Tragedia Wandy i Jana C.

  W weekendowym [2-4.03.2018] numerze dziennika "Polska" przeczytałam coś, co mną wstrząsnęło.  Był to artykuł Ewy Gorczycy "Choroba żony go przerosła. Z szuflady wyjął dwa noże. Dla niej i dla siebie".  Opisano w nim proces Jana C. oskarżonego o zabójstwo swej żony, Wandy.  Miał on miejsce w Sądzie Okręgowym w Krośnie.  Sprawie poświecił też wczoraj [3.03.2018] uwagę portal Fakt24.pl {TUTAJ}.  Czytamy w nim:

  "– Nie wytrzymałem. Nie mogłem inaczej postąpić... – mówi, płacząc przed sądem Jan C. (66 l.) z Trzcinicy na Podkarpaciu. Przyznał się do zabójstwa swojej ciężko chorej, przykutej do łóżka żony Wandy (†67 l.) i usłyszał wyrok. Za kratami emeryt spędzi 6 lat.  
W małym, drewnianym domku na uboczu wsi Jan i Wanda przeżyli ze sobą 40 lat. Wychowali czworo dzieci. Od pewnego czasu oboje poważnie chorowali. On po wylewie miał niedowład połowy ciała, ona zmagała się z zaawansowanym stadium choroby Parkinsona. Mieszkańcy mówili, że choroba odbiła się na psychice Wandy.
  – Krzyczała w nocy, nie chciała jeść, przyjmować leków. Po Janie było widać, że coraz bardziej jest tym wszystkim załamany – mówili nam miejscowi. Jan sam do sąsiadów mówił, że nie wie, jak długo wytrzyma... W końcu postanowił skrócić męki żony. Sięgnął po nóż i zadał jej jeden precyzyjny cios prosto w serce.
Sąd w Krośnie, wydając wyrok, zastosował nadzwyczajne złagodzenie kary. Biegli stwierdzili bowiem, że oskarżony nie do końca mógł pokierować swoim postępowaniem.".

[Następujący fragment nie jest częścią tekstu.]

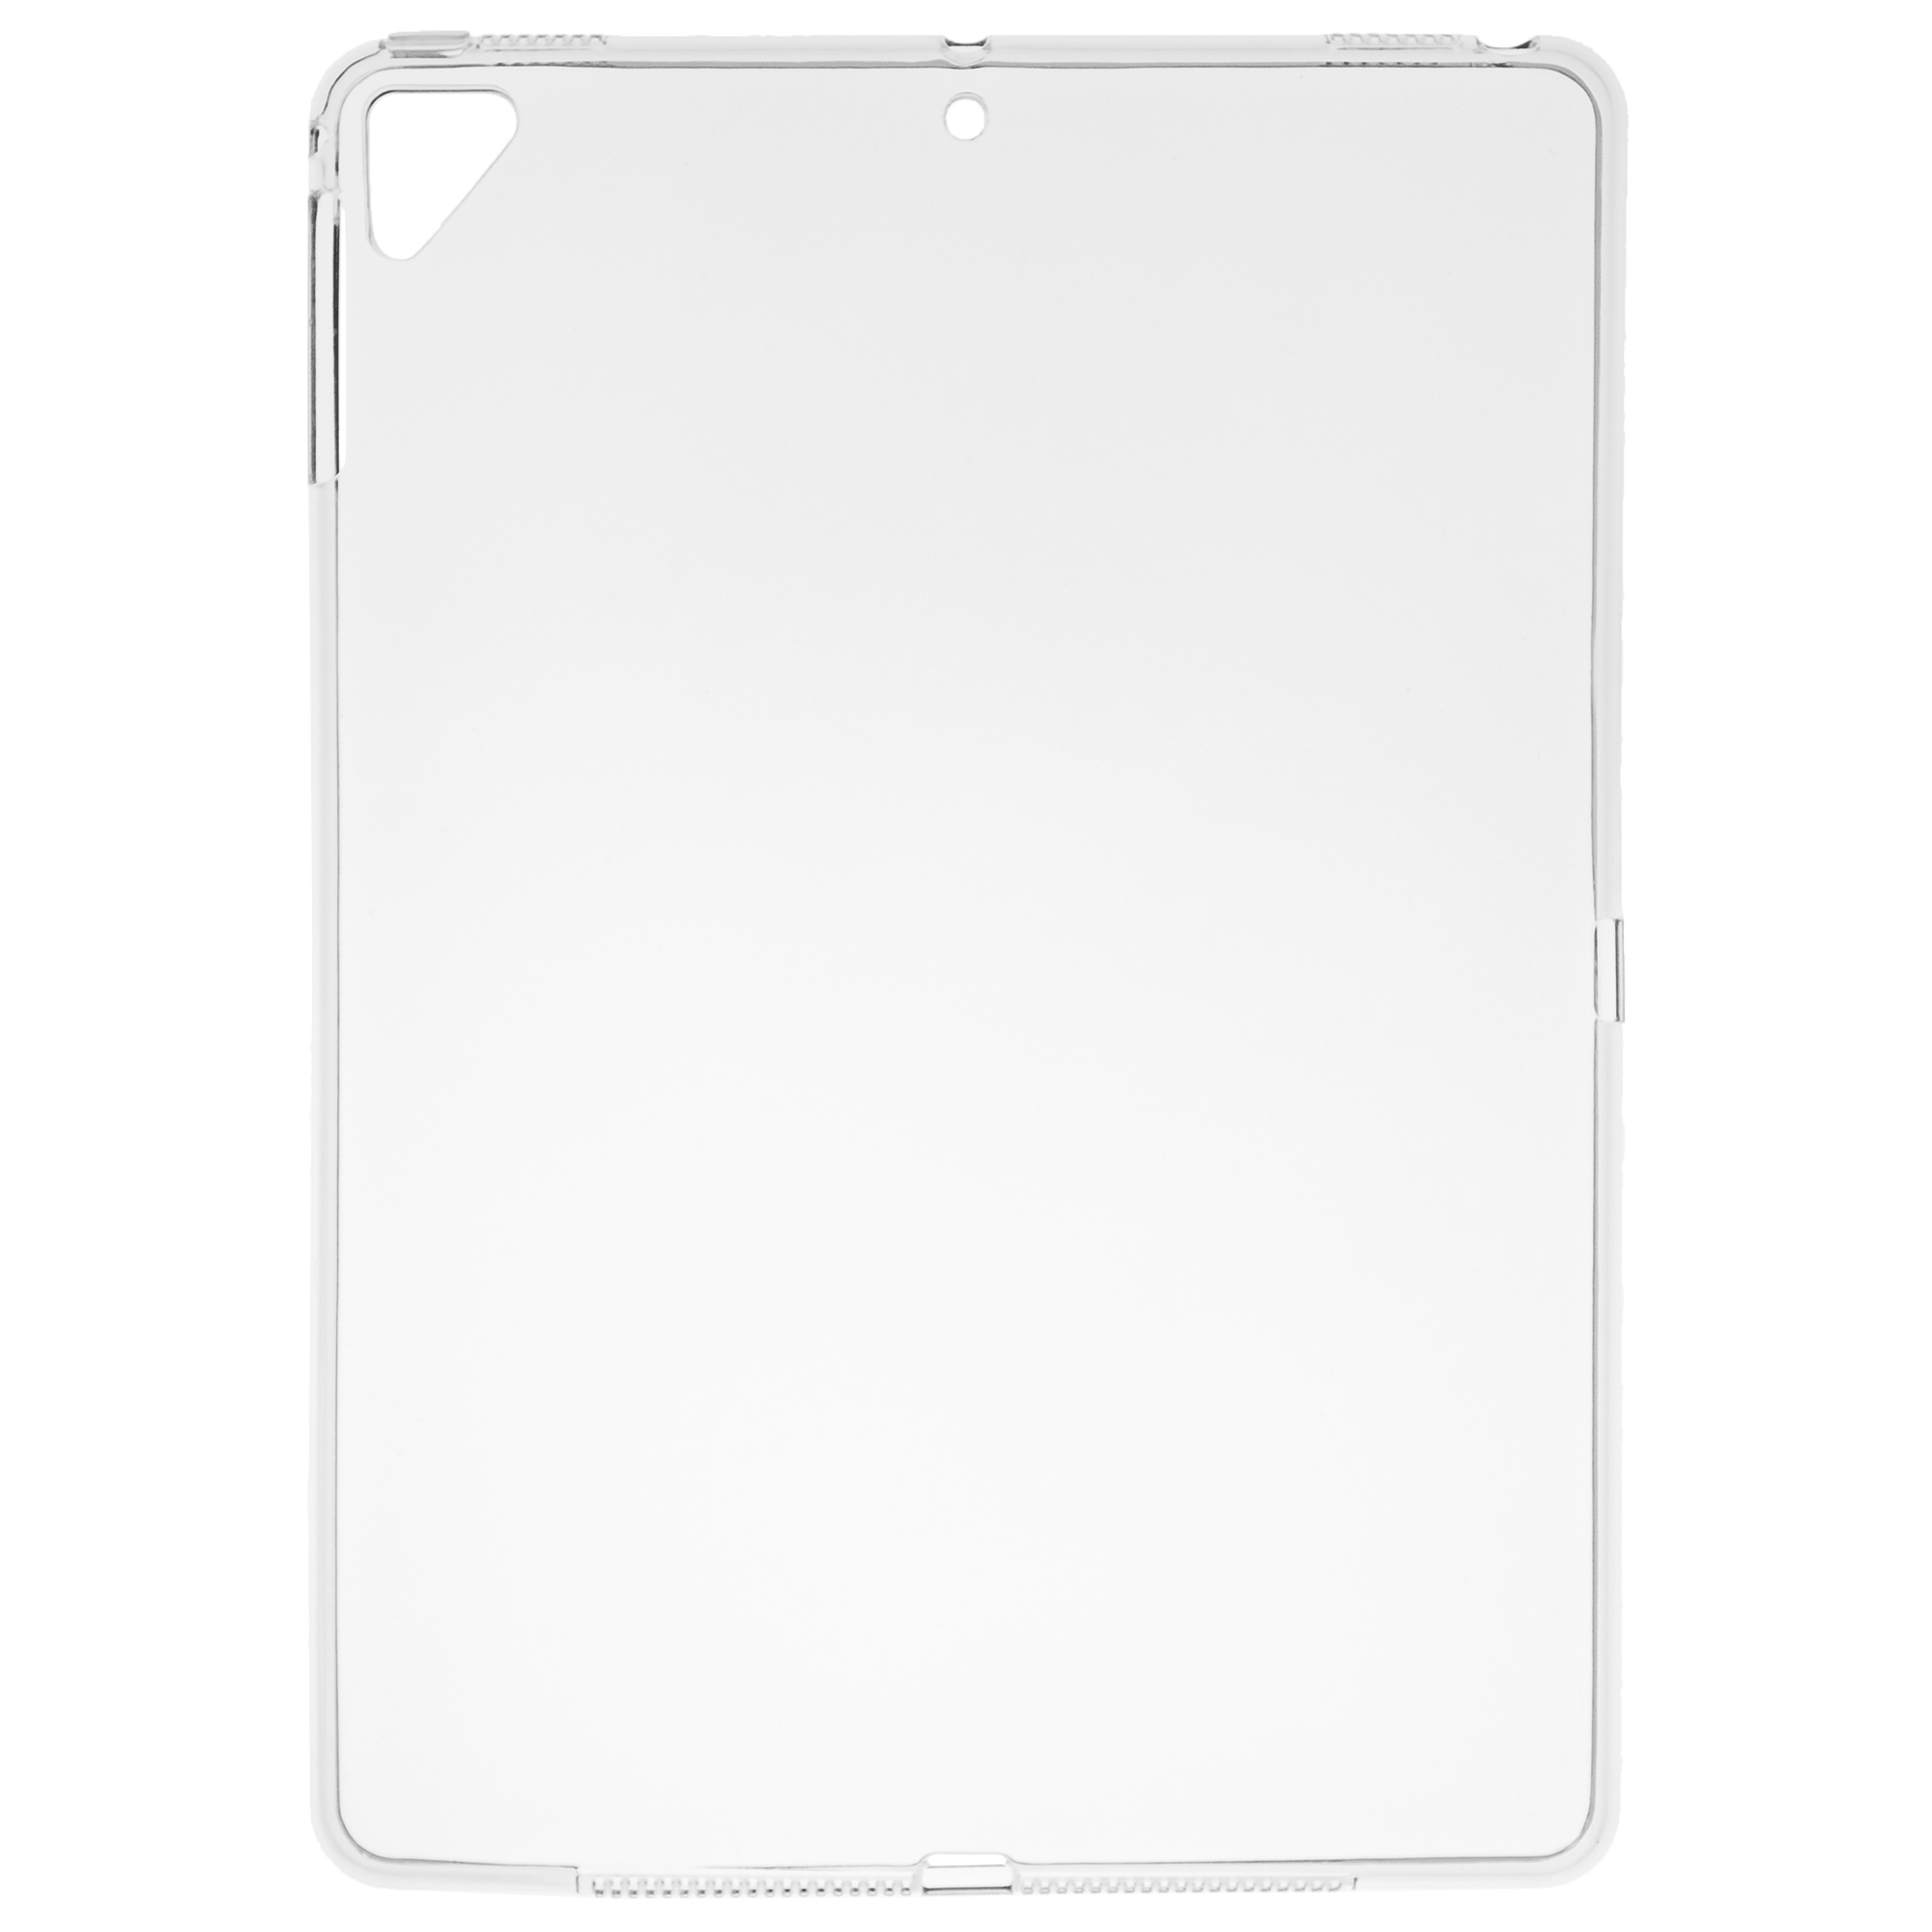 wagon Bevestiging moord Acrylic TPU iPad Pro (2016) 9,7-inch hoesje kopen? - Morgen in huis | Partly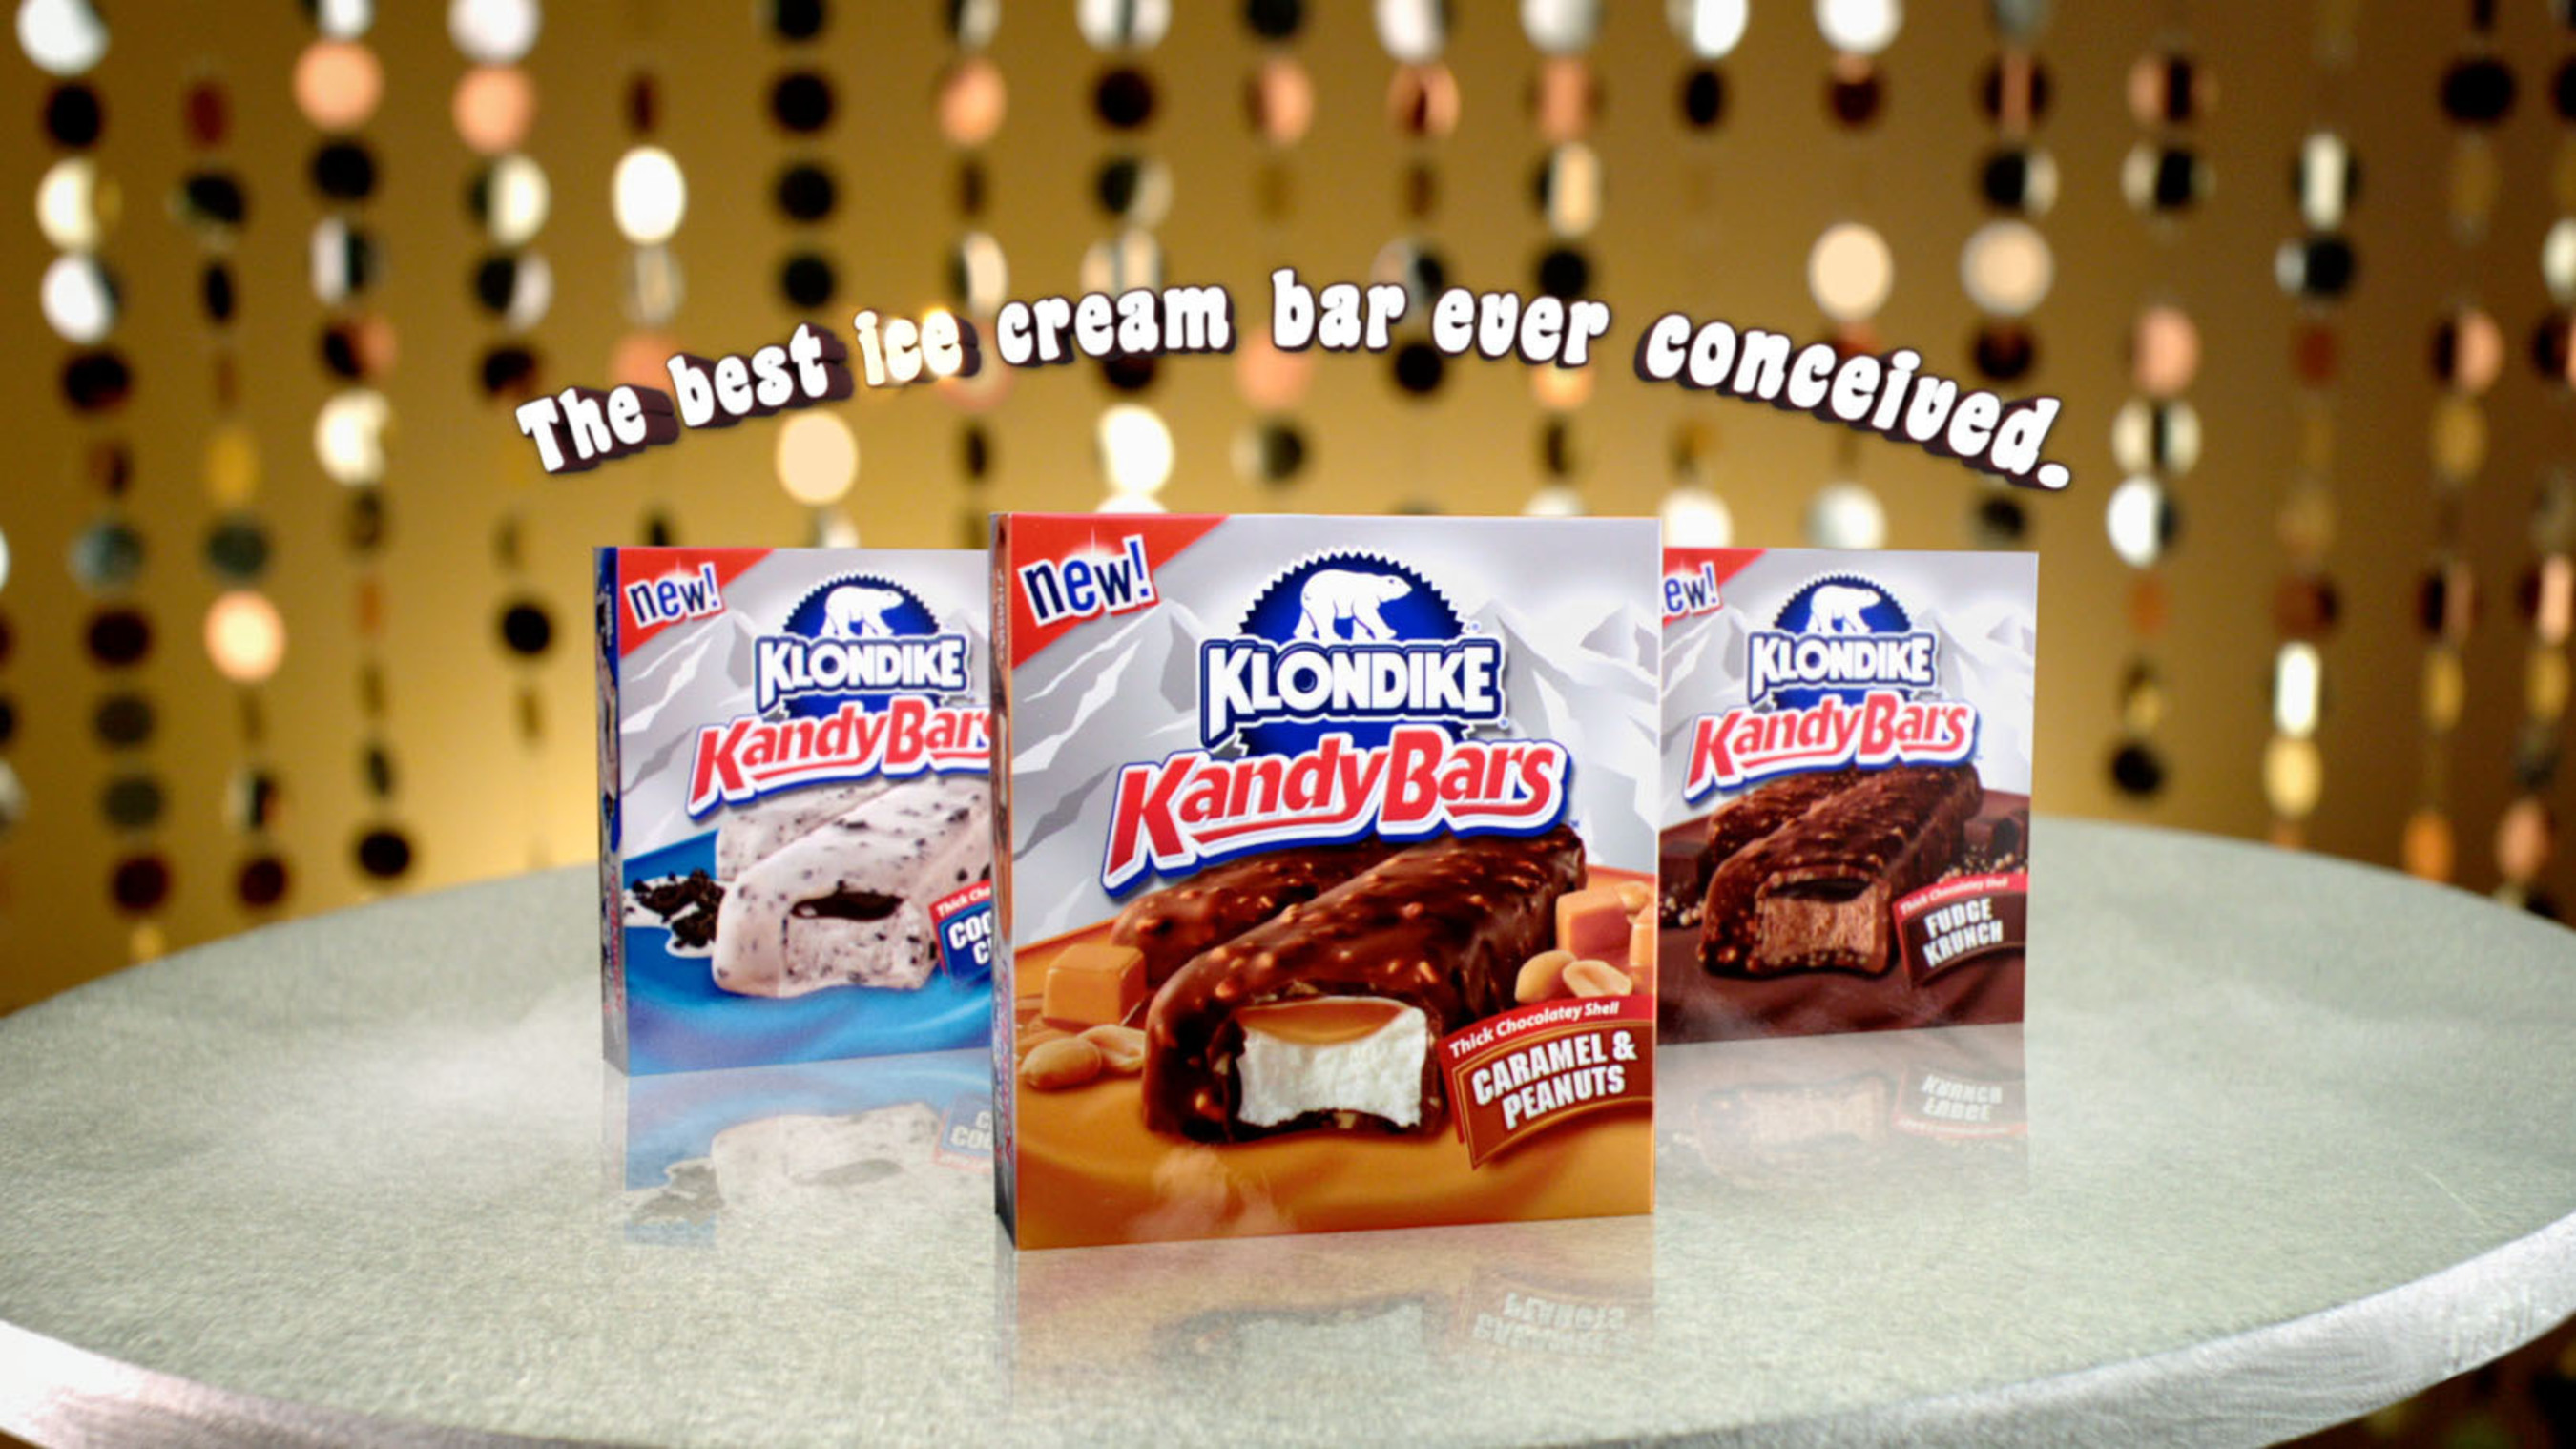 KLONDIKE(R) INTRODUCES THE BEST ICE CREAM BAR EVER CONCEIVED! (PRNewsFoto/Unilever) (PRNewsFoto/UNILEVER)

  Zabójstwo miało miejsce w nocy z 2 na 3 lipca 2017 roku.  Wkrótce potem Ewa Gorczyca pisała o tej sprawie {TUTAJ}:

  "Jan C. trafił do szpitala z ranami w okolicy klatki piersiowej i brzucha. Prawdopodobnie sam je sobie zadał. Obrażenia były powierzchowne i nie zagrażały jego zdrowiu. Jednak ogólny stan mężczyzny sprawił, że lekarze po badaniach uznali, że powinien pozostać na leczeniu. Nie zgodzili się nie jego przesłuchanie w prokuraturze, ale uznali, że może być przesłuchany w warunkach szpitalnych".

  We wzmiankowanym na wstępie obszernym artykule red. Ewa Gorczyca podała więcej szczegółów.  Razem z małżeństwem C. mieszkał ich syn Kazimierz.  Pracował on jednak na zmiany i nie mógł zajmować się matką, która wymagała stałej 24-godzinnej opieki.  Chorowała m.in. na neuroboreliozę.  W dniu 30 czerwca 2017 Jan C. nie wytrzymuje.  Postanawia popełnić samobójstwo.  Uświadamia sobie jednak, że wtedy opieka nad Wandą C. spadnie na jego syna.  Nie chce mu tego zrobić i postanawia zabić najpierw ją a potem siebie,  Realizując ten plan, zabija żonę a potem usiłuje zadać sobie śmiertelny cios.  Nie ma już na to dość siły..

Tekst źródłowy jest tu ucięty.